Figure 6. High levels of IL-17A compromises gut epithelial barrier function and increases gut permeability.

(a) Morphine treatment increased FITC-dextran diffusion across the gut epithelium. The right panel was quantification of FITC intensity. *p < 0.05 (Student t test) (b) Quantification of FITC intensity in peritoneal lavage and whole blood *p < 0.05 (Student’s t test) (c) Anti-IL-17A injection reduced FITC-dextran diffusion across the gut epithelium in morphine-treated CLP animals. The right panel was quantification of FITC intensity. *p < 0.05 (Student’s t test) (d) Quantification of FITC intensity in peritoneal lavage and whole blood *p < 0.05 (Student’s t test) (e) H&E sections of small intestines from sham-operated or CLP animals treated with morphine or placebo. (f) H&E sections of small intestines from morphine-treated CLP animals injected with isotype control and anti-IL-17A. (g) TER was decreased by IL-17A in IEC-6 cell monolayer (H) The permeability of IEC-6 cell monolayer was increased in transwell system **p < 0.01 (ANOVA followed by Bonferroni’s t test) (n = 3) (i) ZO-1 organization in IEC6-cell monolayer treated by vehicle or 100 ng/ml IL-17A. Blue:DAPI Red:F-actin Green:ZO-1 White arrow indicates ZO-1 disruption.(j) H&E sections of small intestines from human patients.

Figure 7. Gram-positive bacteria stimulate MLN to produce IL-17A in a TLR2-dependent manner.

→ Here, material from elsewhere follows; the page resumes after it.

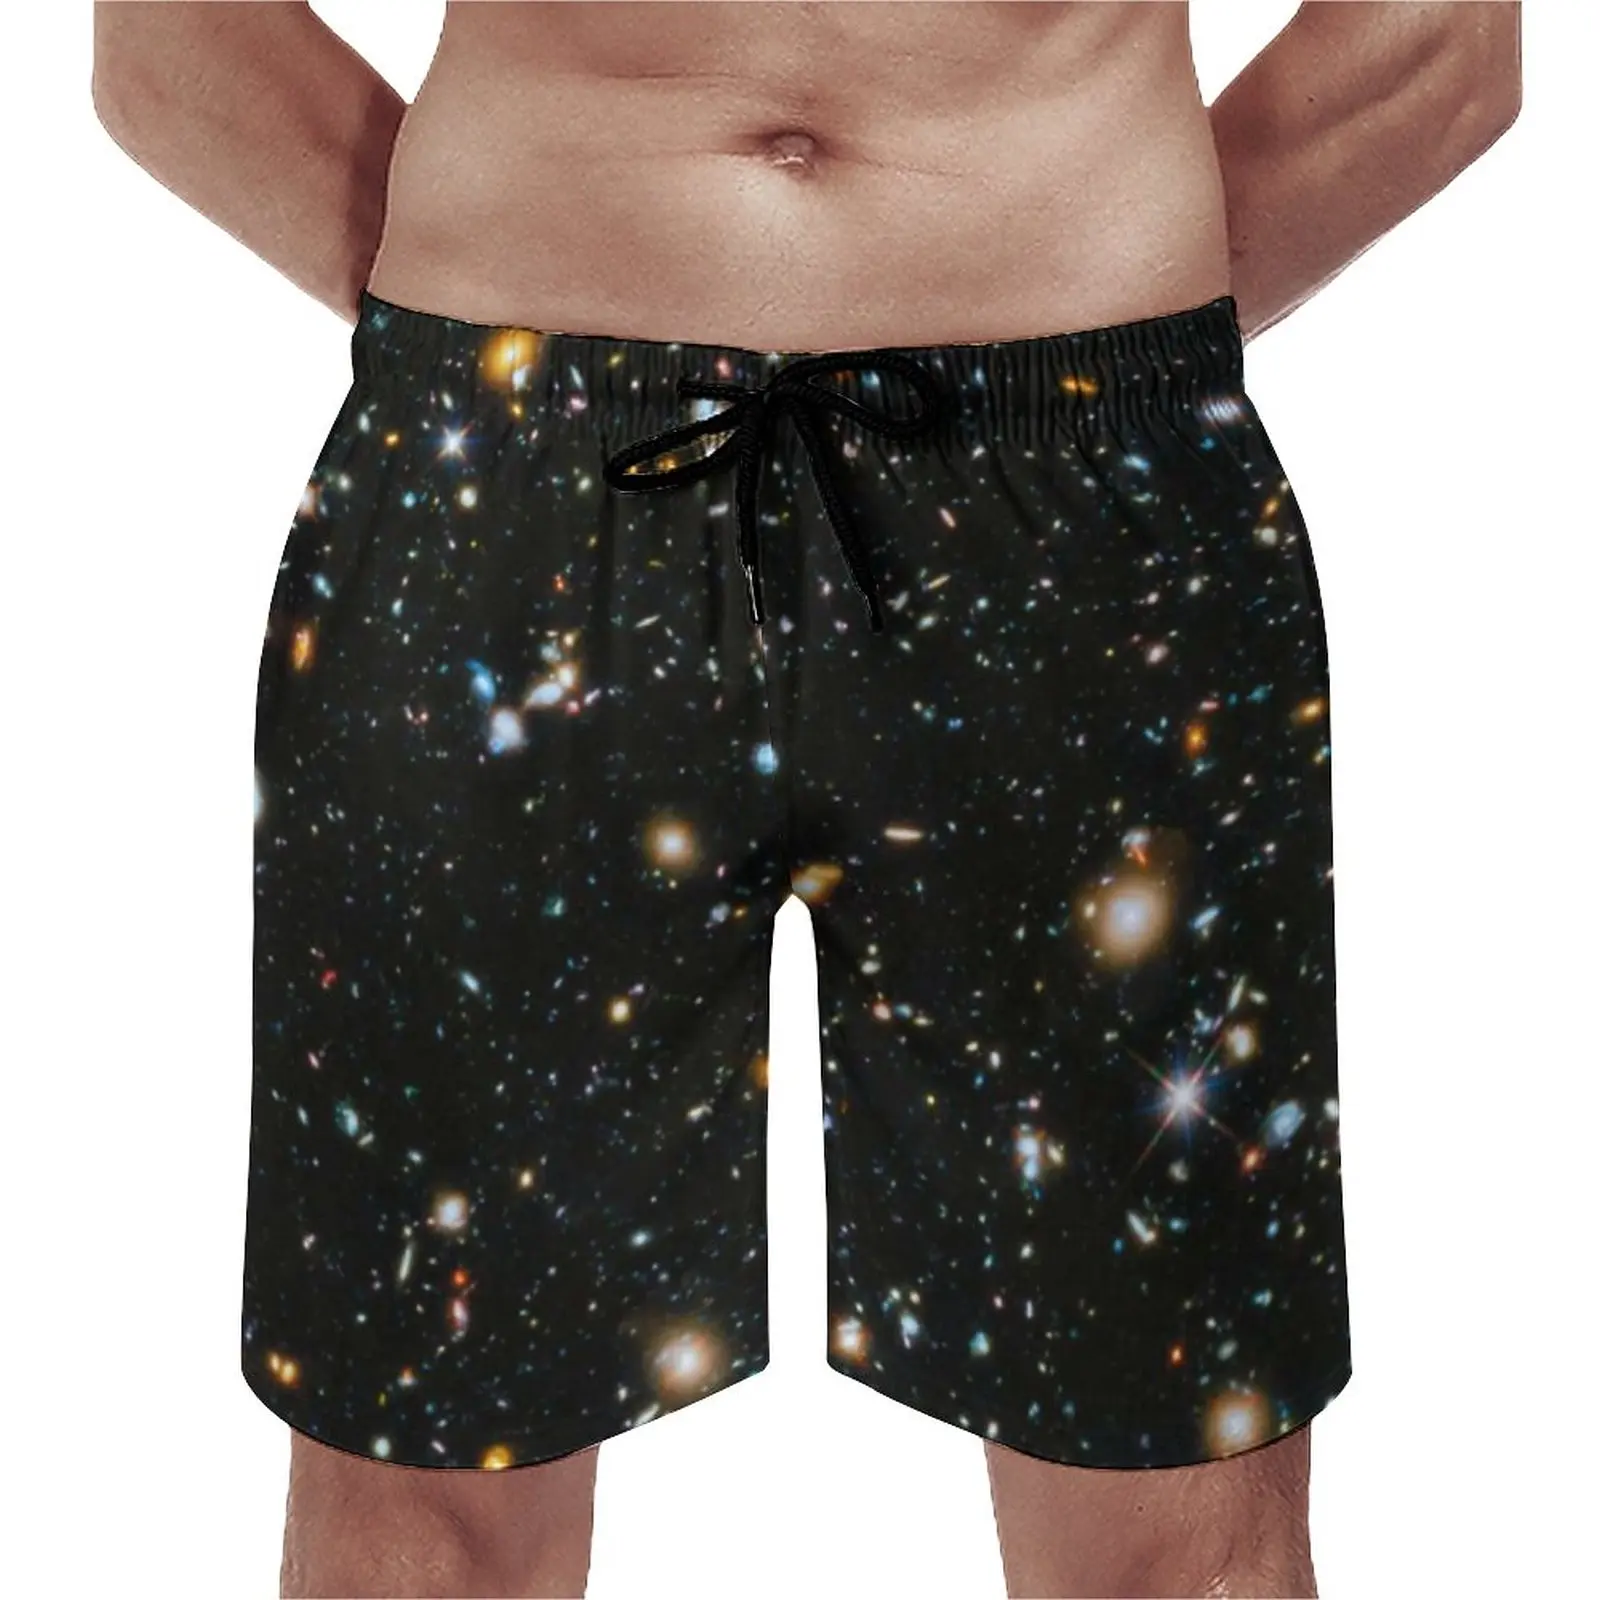 

Galaxy Star Board Shorts Artistic Stars Space Black Beach Shorts Elastic Waist Pattern Custom Swimming Trunks Plus Size

IL-6 (a) and IL-17A (b) concentrations of MLN cell supernatant stimulated by Gram-positive (G+) or Gram-negative (G-) bacteria. *p < 0.05 (ANOVA followed by Bonferroni’s t test) (n = 3) (c) IL-17A concentrations of MLN supernatant treated with morphine or Gram-positive (G+) bacterial mixture ***p < 0.001 (ANOVA followed by Bonferroni’s t test) (n = 3) (d) IL-17A expression in MLN cells from TLR2KO mice. The right panel is the frequencies of IL-17A positive cells in MLN from TLR2KO mice. PC: placebo + CLP; MC: morphine + CLP (e) IL-17A concentrations in serum in TLR2KO mice. PC: placebo + CLP; MC: morphine + CLP (n = 3) Dash line: Serum IL-17A concentration of wild type CLP mice treated with morphine (f) IL-17A concentrations in peritoneal lavage in TLR2KO mice. PC: placebo + CLP MC: morphine + CLP (n = 3) Dash line: Peritoneal lavage IL-17A concentration of wild type CLP mice treated with morphine (g) IL-17A concentrations in supernatant of adherent and non-adherent cells from MLN following Gram-positive (G + ) bacteria stimulation. (n = 3) (h) IL-17A concentrations in supernatant of non-adherent cells from MLN of WT or TLR2KO mice co-cultured with dendritic cells from blood of WT of TLR2KO mice. WT: wild type; TLR2KO: TLR2 Knock; D: dendritic cells; T: non-adherent T cells ***p < 0.001 (Two-way ANOVA followed by Bonferroni’s t test) (n = 3)

Figure 8. IL-1β and IL-23 promotes IL-17A production by MLN Cells

(a)–(d) IL-6, TGF-β, IL-1β, and IL-23 concentrations of MLN adherent cell supernatant following Gram-positive (G+) bacterial stimulation ***p < 0.001 **p < 0.01 (ANOVA followed by Bonferroni’s t test) (n = 3) (e)–(i) IL-17A concentrations of MLN supernatant following G+ bacterial stimulation in the presence of isotype control, anti-IL-6, anti-TGF-β, anti-IL-1β or anti-IL-23p19 antibodies. ***p < 0.001 (ANOVA followed by Bonferroni’s t test) (n = 3) (j) IL-17A concentrations of MLN non-adherent cell supernatant following IL-1β or IL-23 stimulation. ***p < 0.001 (ANOVA followed by Bonferroni’s t test) (n = 3).